Блеф

                Блеф

     Новое пополнение в количестве нескольких сот человек прибыло в часть на рассвете. Через несколько часов, направляясь с докладом о результатах первичного медицинского осмотра в кабинет командира части, я, приблизительно, представлял, что придется сейчас выслушать.
     Взаимоотношения "начальник – подчиненный" в Армии отличаются от таковых в гражданских учреждениях. Когда наглость, тупость, грубость и неприкрытое хамство цивильного начальства окончательно "достает" тебя, всегда существует последняя возможность избавиться от этого ужаса, написав заявление об уходе. В Армии такой номер не проходит, и ты вынужден глотать выходки своего командира бесконечно. Поверьте мне, я знаю, о чем говорю, поскольку застал еще в роли командиров и старших начальников офицеров, прошедших войну.

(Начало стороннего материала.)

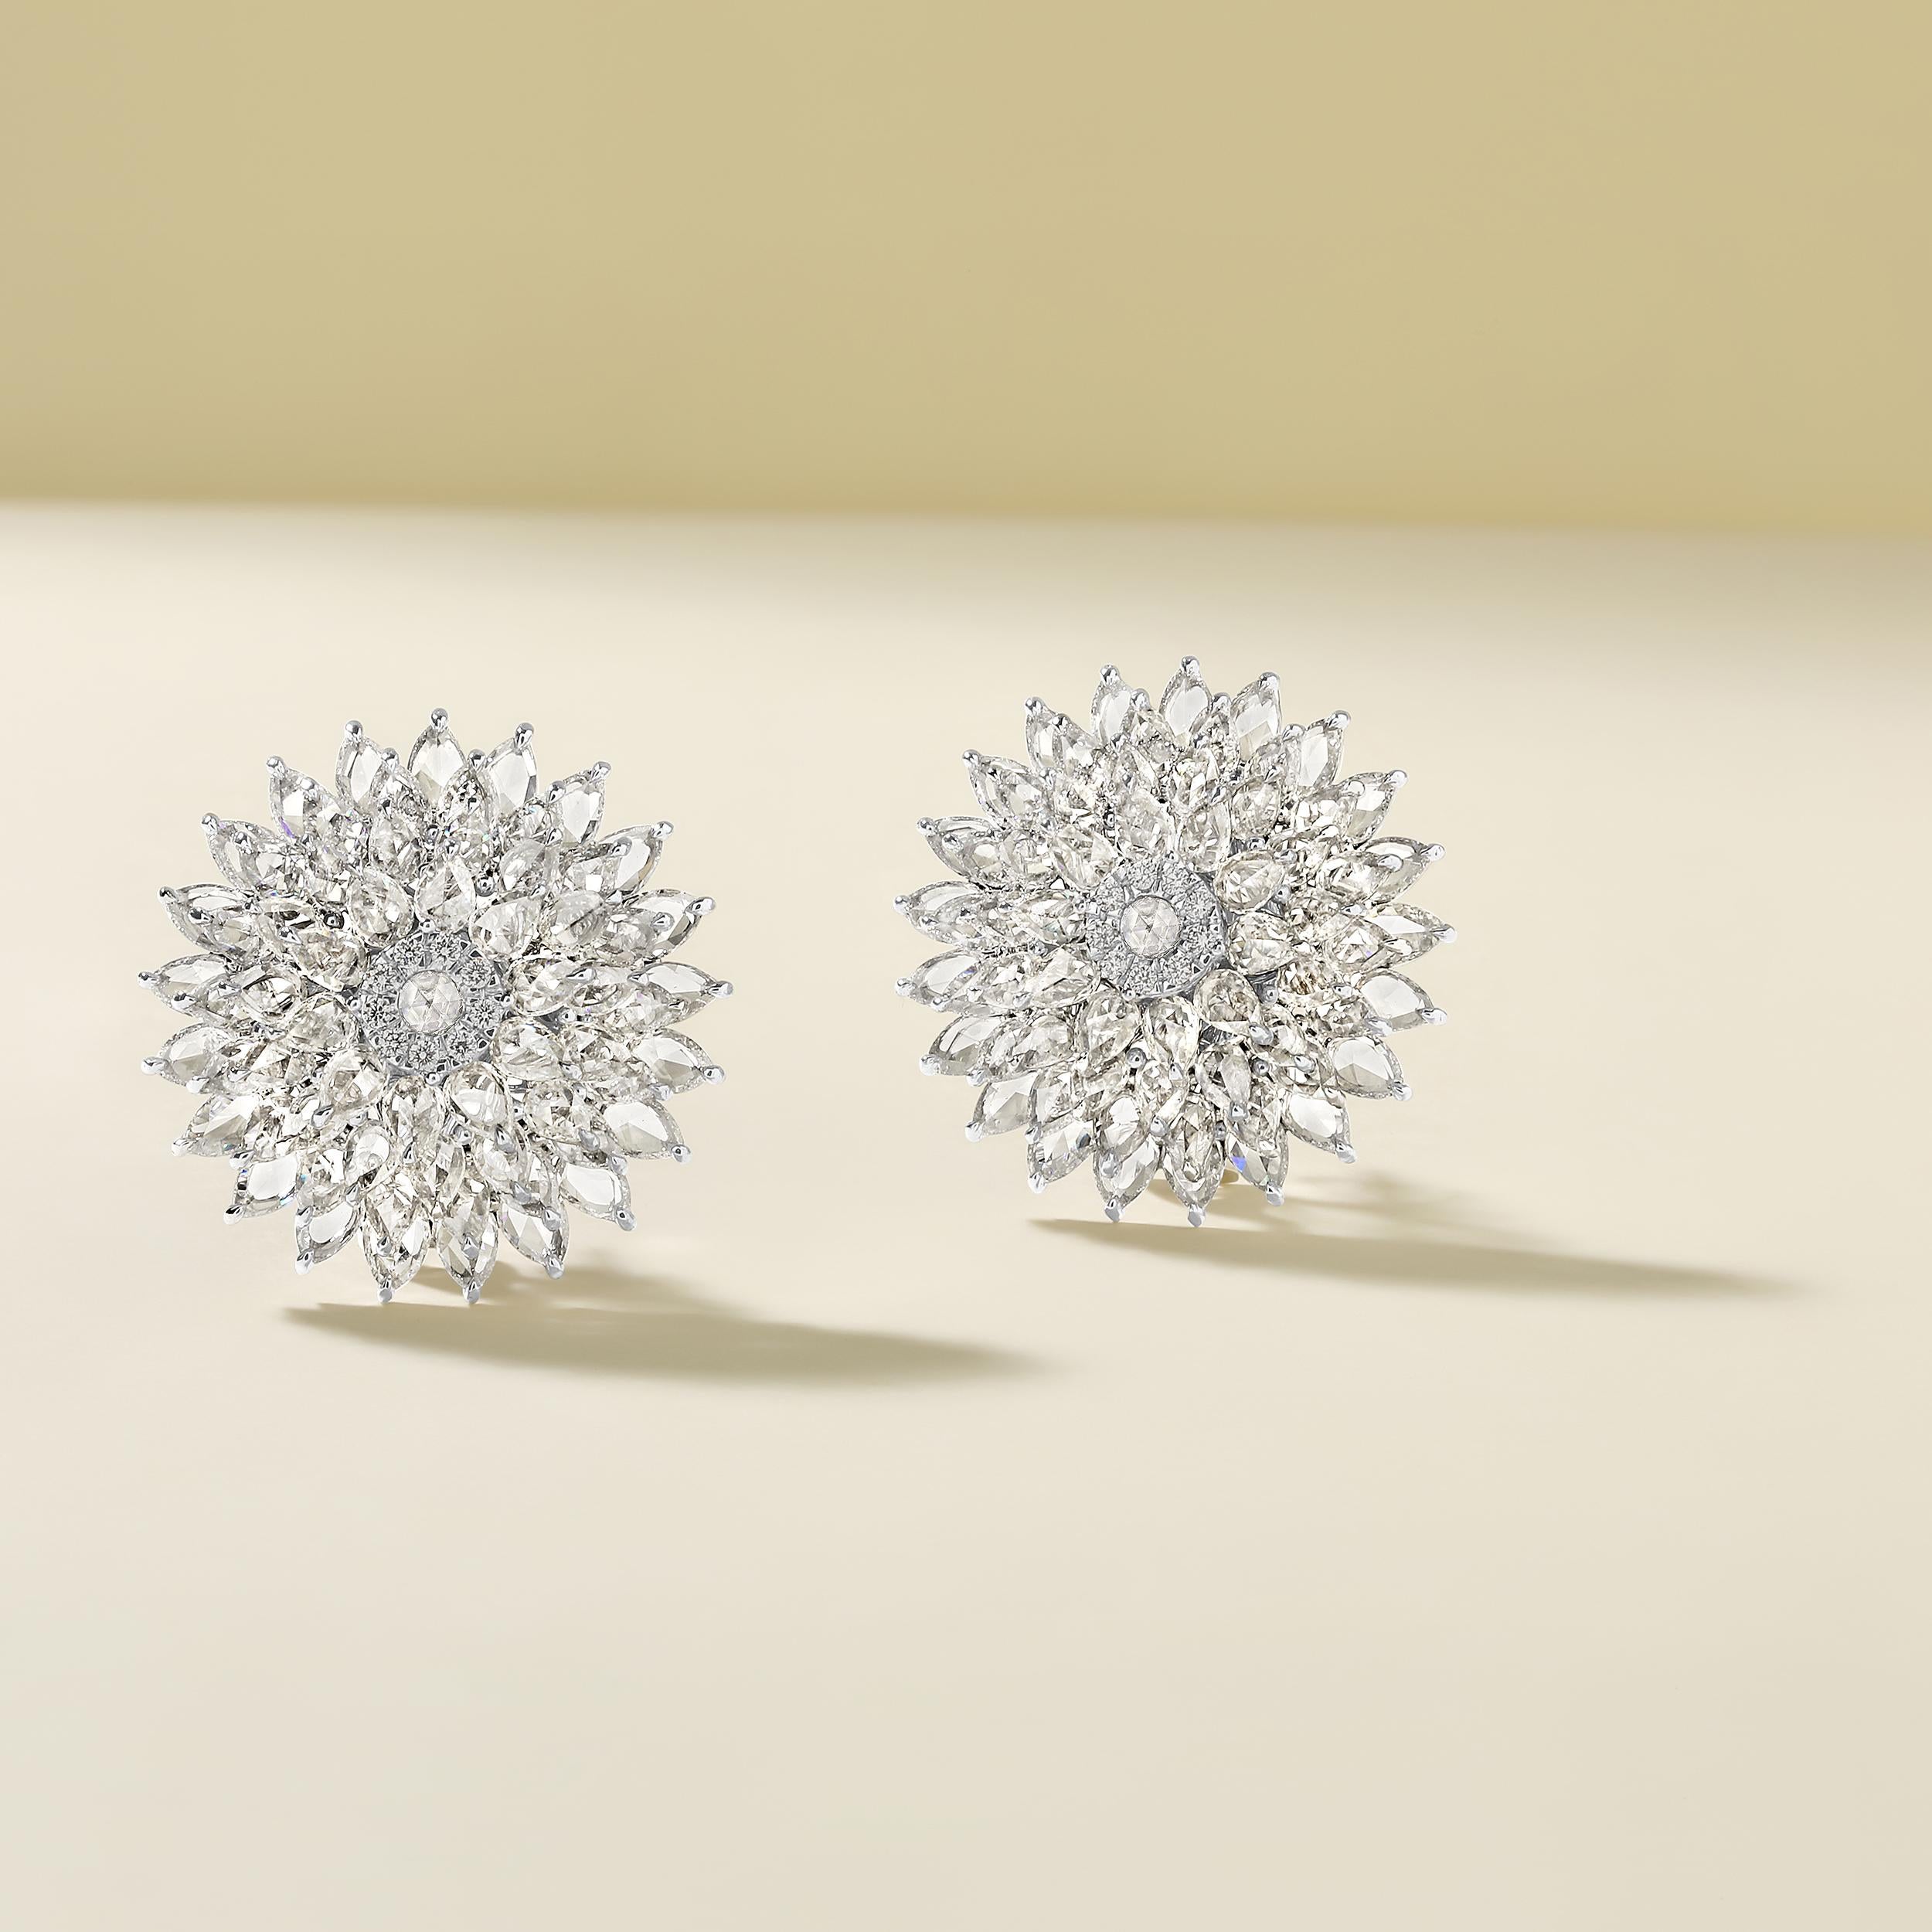 Crafted in 18.82 grams of 18K White Gold, the earrings contain 130 stones of Rose Cut Natural Diamonds with a total of 8.46 carat in E-F color and VVS-VS clarity combined with 22 stones of Round Natural Diamonds with a total of 0.18 carat in E-F

     Мальчишкой я много лет жил в гарнизонах, наблюдая и сравнивая то, что читал в книгах о русском офицерстве, с тем, что представало перед глазами ежедневно. Либо врали книги, либо за деревьями не видел леса, либо моей детской голове в ту пору не дано было понять всего, что открылось через несколько лет. Нет, книги честно рассказывали о том, как тщательно готовились мальчики России к своей офицерской карьере, что им приходилось изучать и познавать, как годами их сознание впитывало те понятия чести долга и веры, что лежали в основе пребывания офицера на этой грешной земле. Просто к началу второй мировой войны их, практически, не осталось в живых. Революция, годы красного террора, гражданская война и сталинские репрессии сделали свое дело, пройдясь косой по рядам русского офицерства, не пожелавшего по тем, или иным причинам отбыть в эмиграцию. Им на смену пришли люди, не столь образованные и не столь профессионально подготовленные, но зато свято верующие в идеи марксизма-ленинизма и умеющие прекрасно выступать с трибун , прославляя власть и вождей.

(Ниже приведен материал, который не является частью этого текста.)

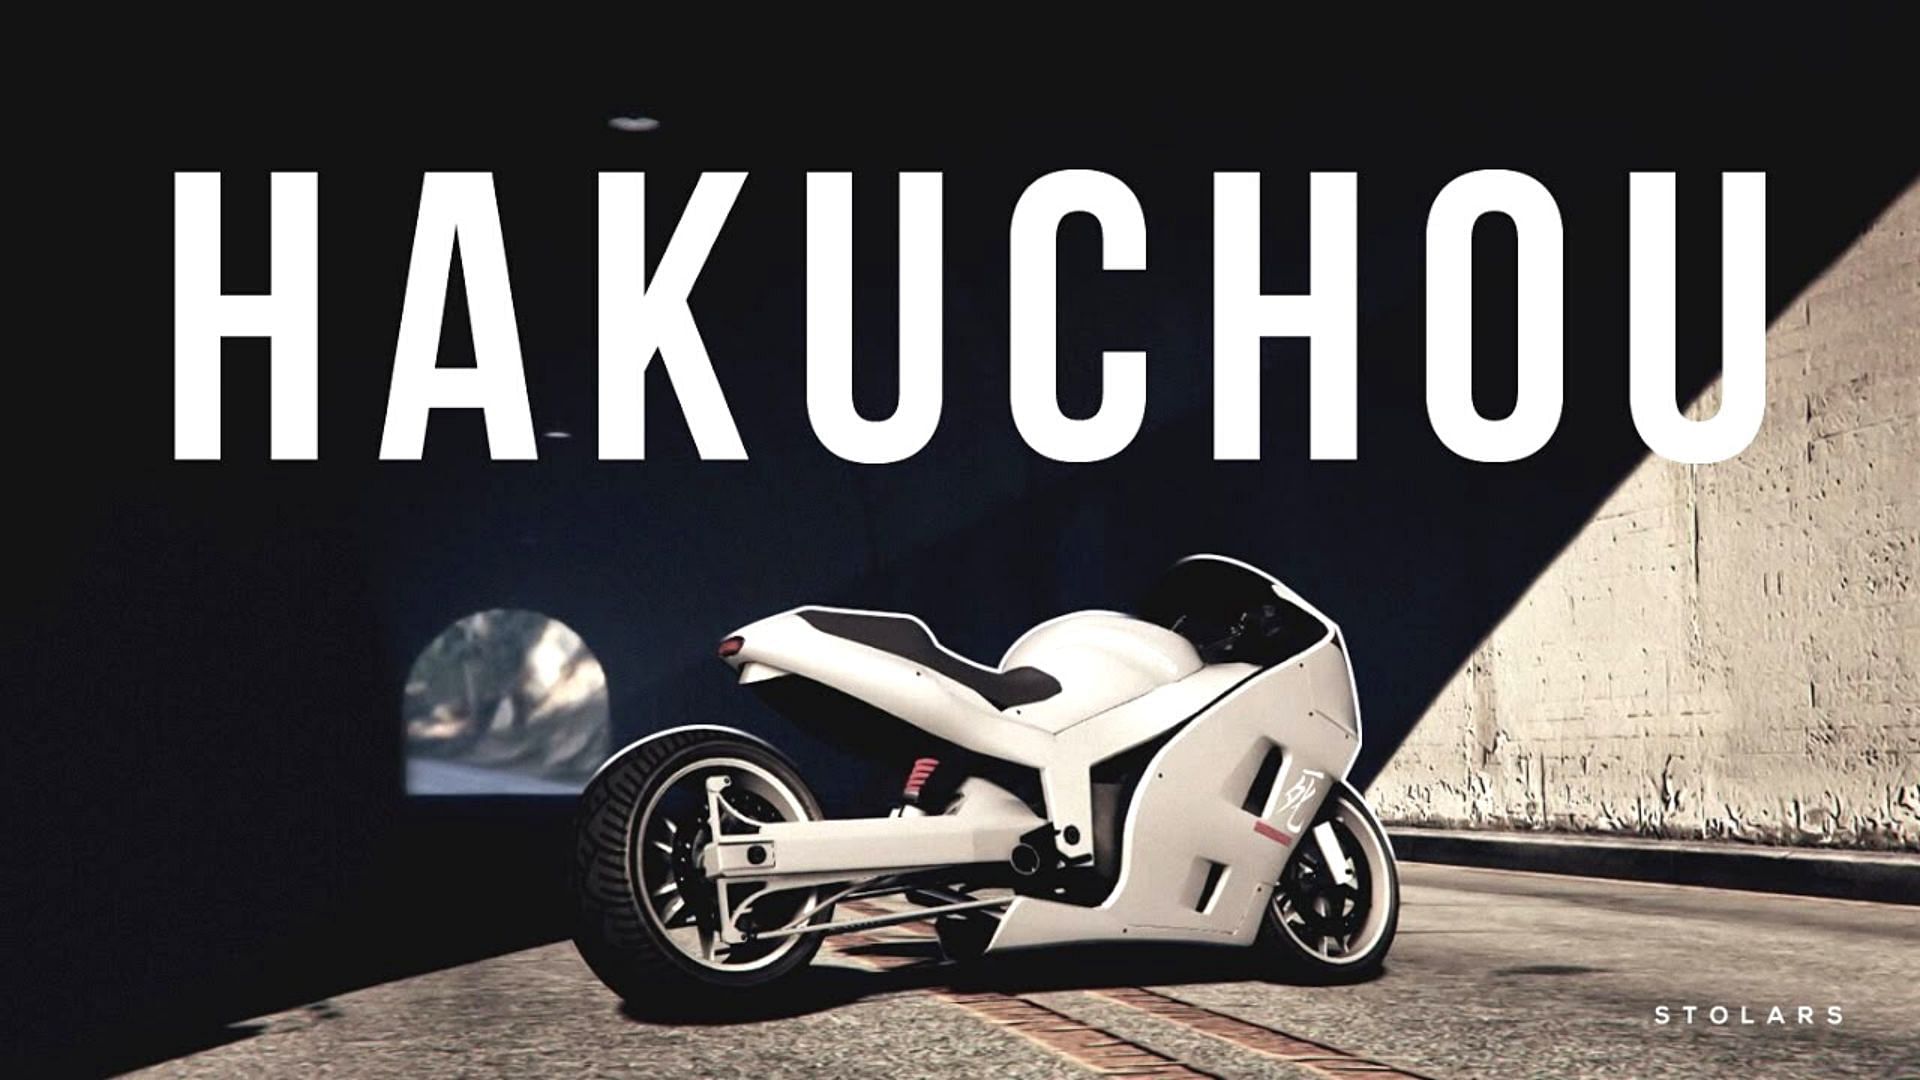 A brief about the Hakuchou Drag bike available for last gen players in GTA Online (Image via Rockstar Games)

     Первые месяцы войны все расставили по местам, и погибших в кровавой мясорубке горлопанов сменили офицеры, сумевшие объединить и противопоставить рвущимся к Москве немецким войскам мужество, отвагу и стойкость. К сожалению, на передовой век пехотного, артиллерийского или танкового командира очень короток, смена их проходила настолько часто, что училища не успевали готовить их по полной программе. Поэтому сначала перешли на сокращенную, а потом и просто стали готовить младших командиров на ускоренных курсах.
     1945-й год прошедшие войну и оставшиеся в живых встречали в довольно высоких званиях, с заслуженными орденами и медалями на груди и совершенно специфическим стилем командования своими подчиненными: "...Твою мать! Застрелю! Что, в штрафники захотел? Да я тебя... Вперед!" Этот метод они не сами придумали, он пришел к ним сверху, с самого верха. Именно так разговаривал со старшими офицерами присланный из Ставки маршал, на всю жизнь оставшийся кавалерийским унтером. Наглядные уроки быстро воспринимались и ползли вниз по иерархической лестнице вплоть до окопов на передовой.

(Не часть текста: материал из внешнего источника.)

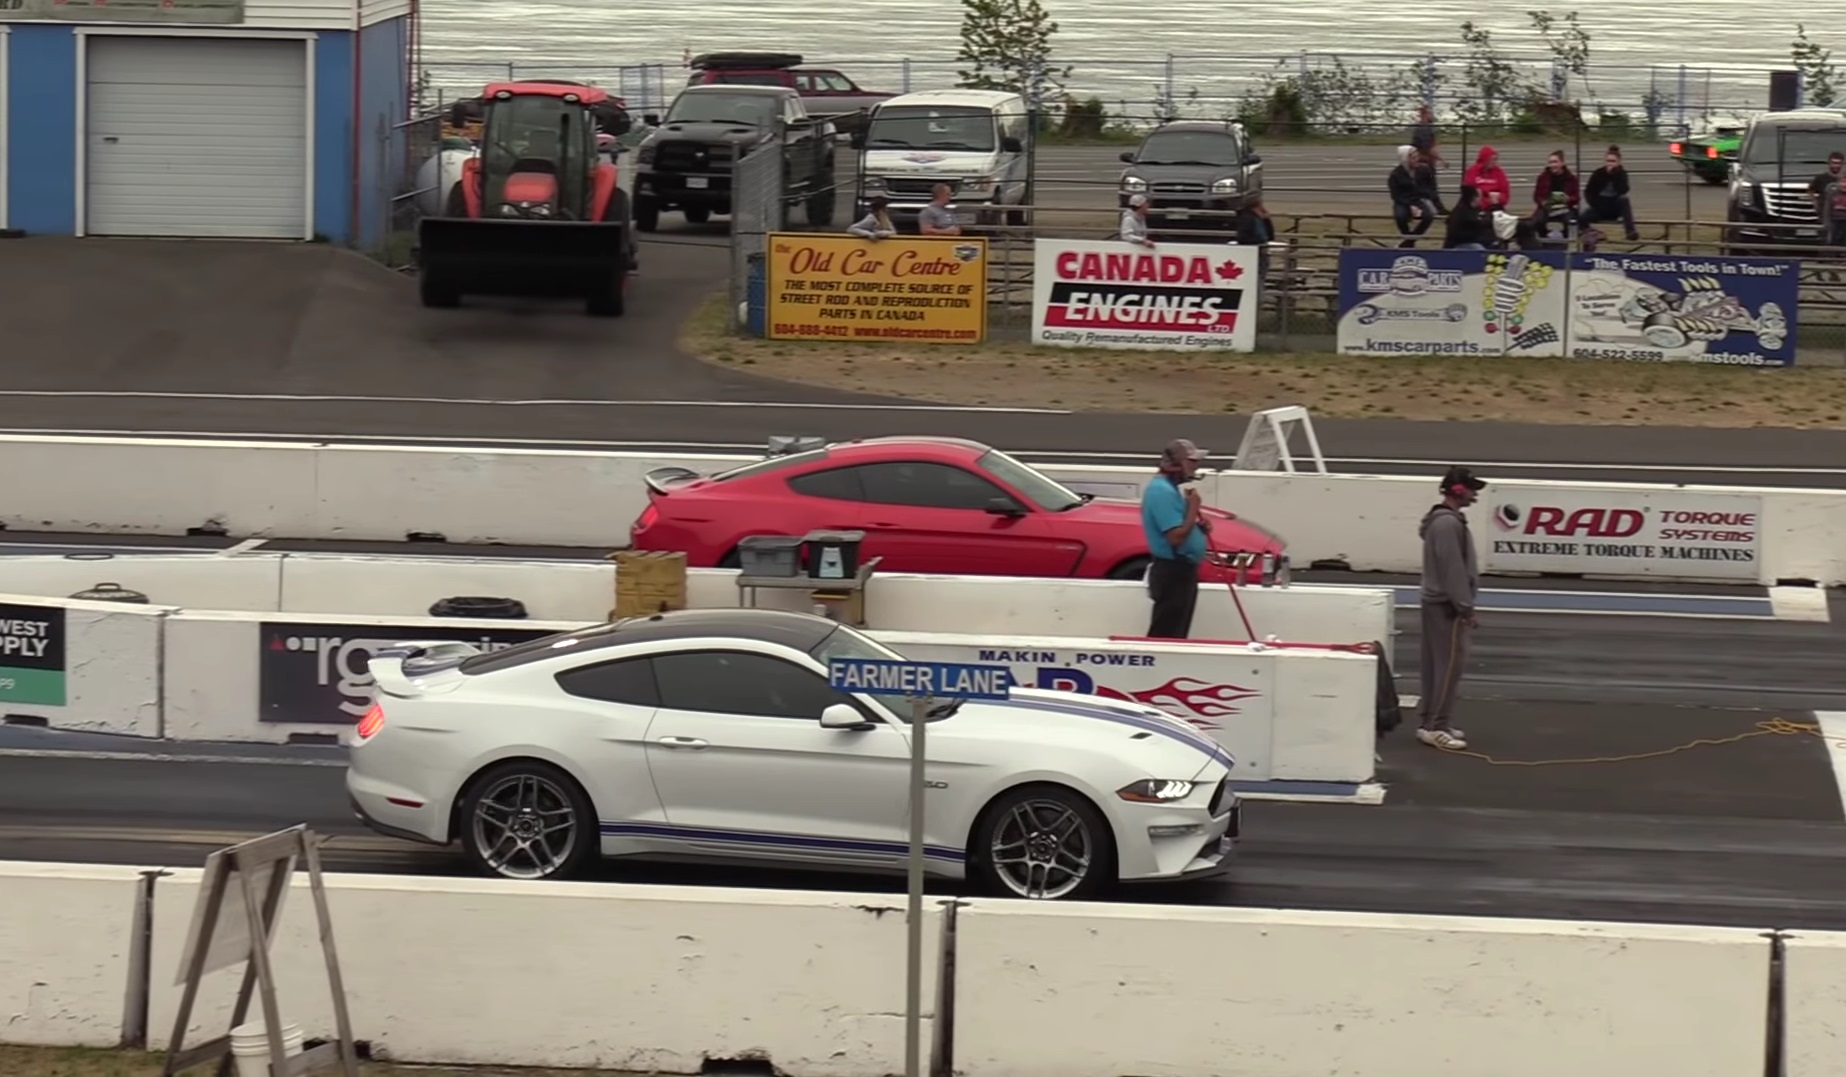 Video: 2018 Ford Mustang Shelby GT350 vs 2018 Mustang GT - 1/4 Mile Drag Race

     Мне, шестилетнему мальчишке, было не понять, почему уже после войны в совершенно спокойной мирной обстановке генерал разговаривает с младшим по званию офицером, как зажравшийся помещик со своим крепостным холопом. В 1822 году за слова "Я вас в бараний рог скручу!" , произнесенные на смотре лейб-гвардейского Егерского полка, капитан Норов, боевой офицер, кавалер многих наград за храбрость, потребовал сатисфакции у самого великого князя Николая Павловича, а остальные офицеры тут же подали в отставку. Полагаю, что, случись подобное с представителем Ставки, кавалерийский унтер достал бы пистолет и, без зазрения совести, застрелил вставшего на защиту своей чести и достоинства офицера.
     Вот, приблизительно, с таким лексиконом и мировоззрением победителя вернулись в свою страну российские офицеры, оставив в памяти народной на долгие годы образ малограмотного, сквернословящего, крепко пьющего и ничего не уважающего хама. Но время неумолимо двигалось вперед, армия совершенствовалась, и современное оружие и техника требовали совершенно других офицеров. И они появились, молодые, грамотные, знающие свое дело специалисты, очень болезненно воспринимавшие на свой счет прежнее мнение окружающих об офицерах.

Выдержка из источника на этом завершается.